Why do you think there is a huge difference? Is it just because I did not use the best checkpoint from savi_pretraining.yaml?

There could be many reasons for this. How many GPUs are you using and how long have you trained the model? You'll get a better idea by plotting the validation curve as instructed above. Then you'll know if the model has converged.

Why the results I got from the pre-trained weights you provided are not same as the results in your semantic AVN paper?

Which result is not consistent?

gtatiya commented 3 years ago
ChanganVR commented 3 years ago

If you don't provide EVAL_CKPT_PATH_DIR and just run the eval mode, by default it will always evaluate all checkpoints under that directory.
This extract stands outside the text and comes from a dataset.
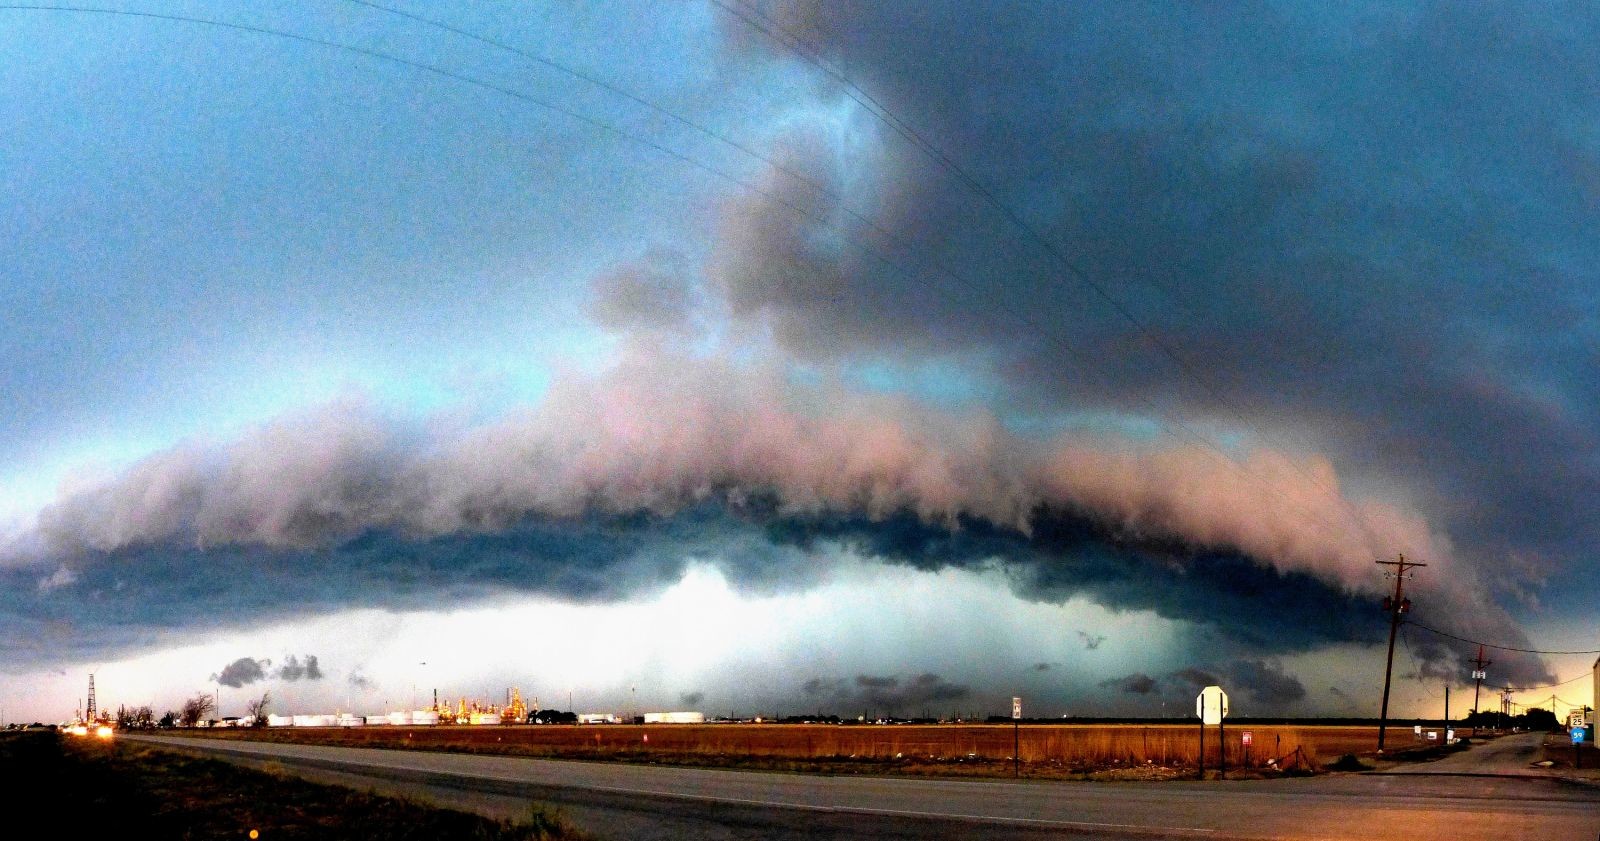 Amazing picture of Supercell over Artesia, NM

As I mentioned earlier in another post, if you change the number of GPUs, you might also want to change NUM_UPDATES as the default number of GPUs are 32. If you can evaluate all the validation checkpoints, you will know if the model has converged based on the validation performance curve.

The command is correct and yes, this command is for unheard sounds setting. The performance is indeed slightly lower than I first evaluated the model and uploaded the weights. Maybe some updates broke the consistency in some way. I'll look into that and keep you updated!